Тогда молодой Делион, подстрекаемый благородным соревнованием, сообщил, что он лично разбил морду одному социалисту-дрейфусару, кричавшему: «Да здравствует Лубе!»

– Все идет хорошо! – заявил Жак де Кад.

– Могло бы быть и лучше в некоторых отношениях,– сказал Гюг Шасон дез’Эг.– Нам еще рано поздравлять друг друга. Четырнадцатого июля Лубе, и Вальдек, и Мильеран, и Андре благополучно вернулись к себе домой. Этого бы не случилось, если б меня послушали. Но никто не хочет действовать. Мы лишены энергии.

– Ну, нет! Энергии у нас хватит. Но сейчас не время для действий. Вот закроется выставка – и мы нанесем решительный удар. Наступит подходящий момент. Францию после празднества будет мутить с похмелья. Она будет в дурном расположении духа. Наступит крах и безработица. Тогда легче всего можно вызвать министерский и даже президентский кризис. Не так ли, Леон?

– Разумеется, разумеется,– ответил Леон.– Но не надо скрывать от себя, что через три месяца мы будем несколько менее многочисленны, а Лубе будет несколько менее непопулярен.

Жак де Кад, Делион, Шасон дез’Эг, Лакрис, все трублионы хором запротестовали, силясь криками заглушить такое зловещее пророчество. Но Анри Леон продолжал очень мягким голосом:

– Это фатально! Лубе с каждым днем будет терять свою непопулярность. Его ненавидели, потому что мы представили его в очень мрачном свете, но он постарается не оправдать полностью этой характеристики. Он недостаточно велик, чтобы уподобиться образу, созданному нами для устрашения масс. Мы изобразили Лубе гигантом, который покровительствует парламентским разбойникам и уничтожает национальную армию. Действительность покажется менее страшной. Увидят, что он не всегда покрывает воров и разлагает армию. Он будет присутствовать на смотрах. Это придаст ему вес. Он будет разъезжать в карете. Это импозантнее, чем ходить пешком. Будет раздавать ордена, щедро сыпать академическими значками. Те, кому он пожалует орден или значок, перестанут верить, что он намерен предать Францию иностранцам. Ему посчастливится найти удачные словечки. Не сомневайтесь в этом: удачные словечки – самые глупые. Стоит ему только пуститься в поездку по стране, и его будут встречать овациями. Крестьяне будут кричать на его пути: «Да здравствует президент!», словно это еще тот добрый сыромятник, на которого мы умилялись за его горячую любовь к армии. А вдруг опять клюнет русский союз… У меня мурашки пробегают по коже… Вы увидите тогда, как наши друзья националисты будут впрягаться в карету Лубе. Не скажу, что этот человек – великий гений. Но он не глупее нас. Он старается улучшить свое положение. Это вполне естественно. Мы хотели пустить его ко дну; он нас берет измором.
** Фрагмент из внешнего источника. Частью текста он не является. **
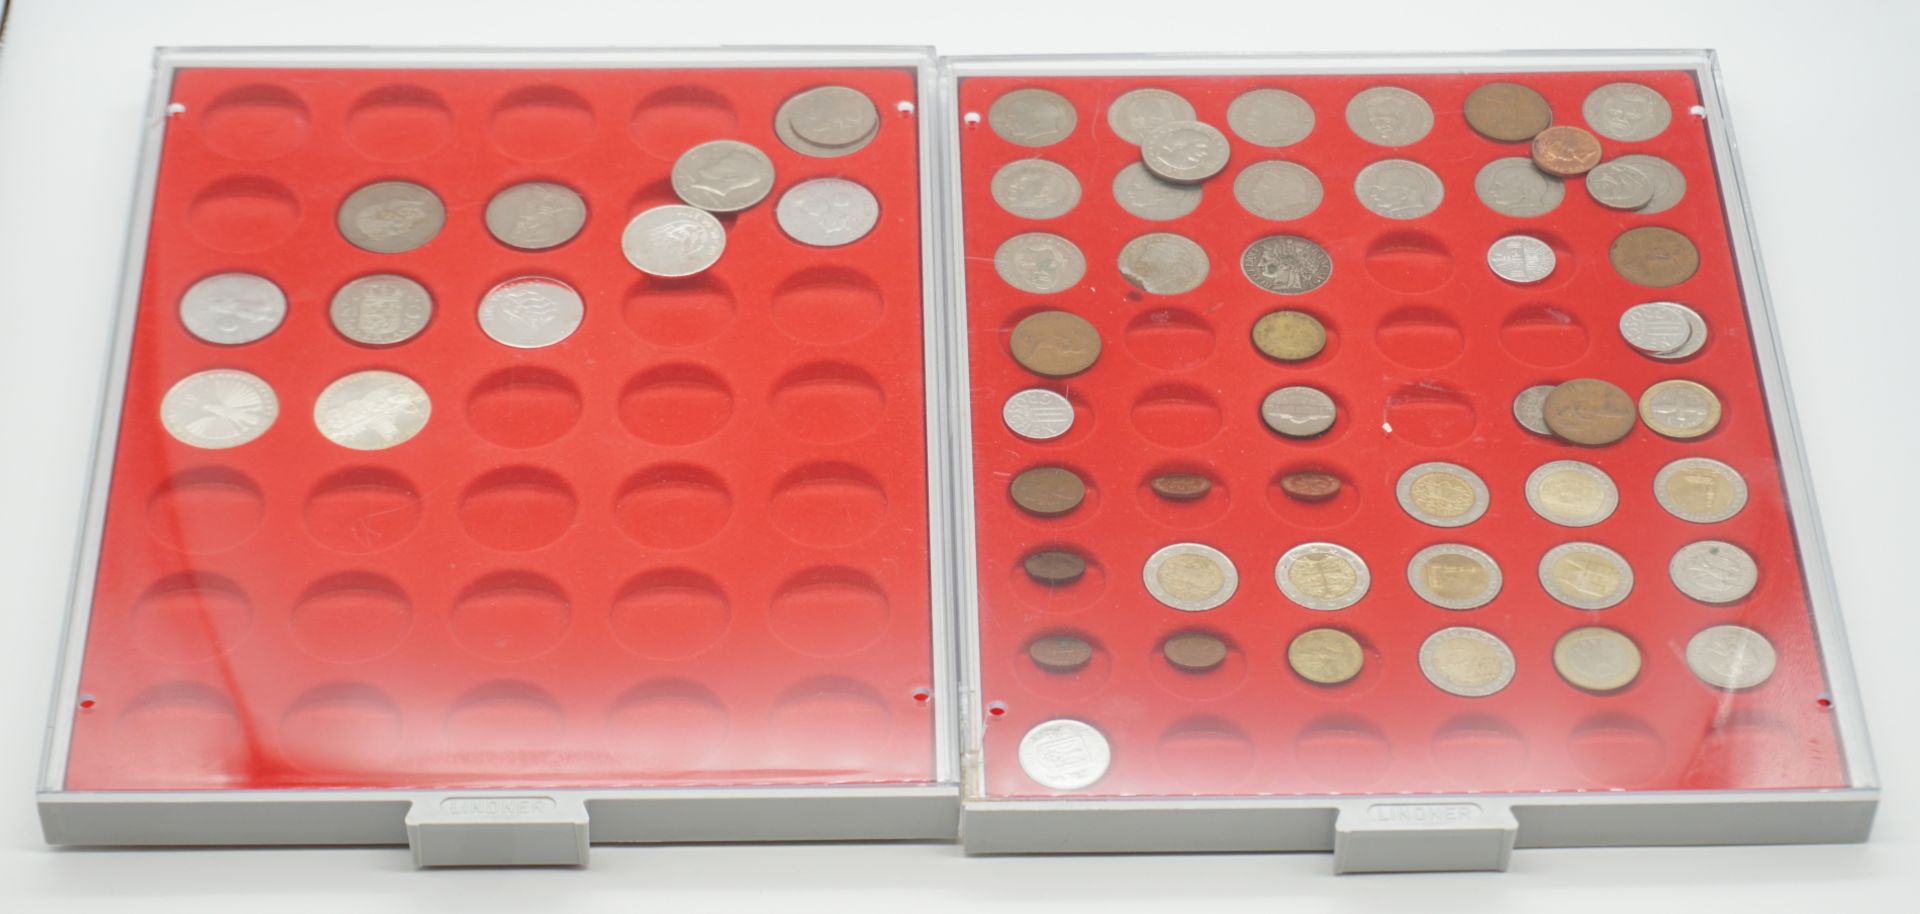 1 Konv. Münzen/Medaillen: Silber/Metall, BRD 5 DM, Kanada, Euros, Zahlgeld versch. Länder u.a., im K - Bild 3 aus 3

– Нас? Измором? Пусть попробует! – вскричал Жак де Кад.

– Время и само нас изморит,– продолжал Анри Леон.– Как хорош был, например, наш парижский муниципальный совет в вечер выборов, который принес нам большинство! «Да здравствует армия! Смерть жидам!» – ревели избиратели, пьянея от радости, гордости и любви. И сияющие избранники отвечали им: «Смерть жидам! Да здравствует армия!» Но так как новый муниципальный совет не будет в состоянии ни освободить от воинской повинности сыновей избирателей, ни распределить между мелкими торговцами деньги богатых евреев или хотя бы избавить рабочих от бедствий безработицы, то он обманет огромные надежды и станет настолько же ненавистным, насколько был прежде желанным. Он рискует в скором времени утратить свою популярность в связи с вопросом о монополиях, о водопроводе, о газе, об омнибусе.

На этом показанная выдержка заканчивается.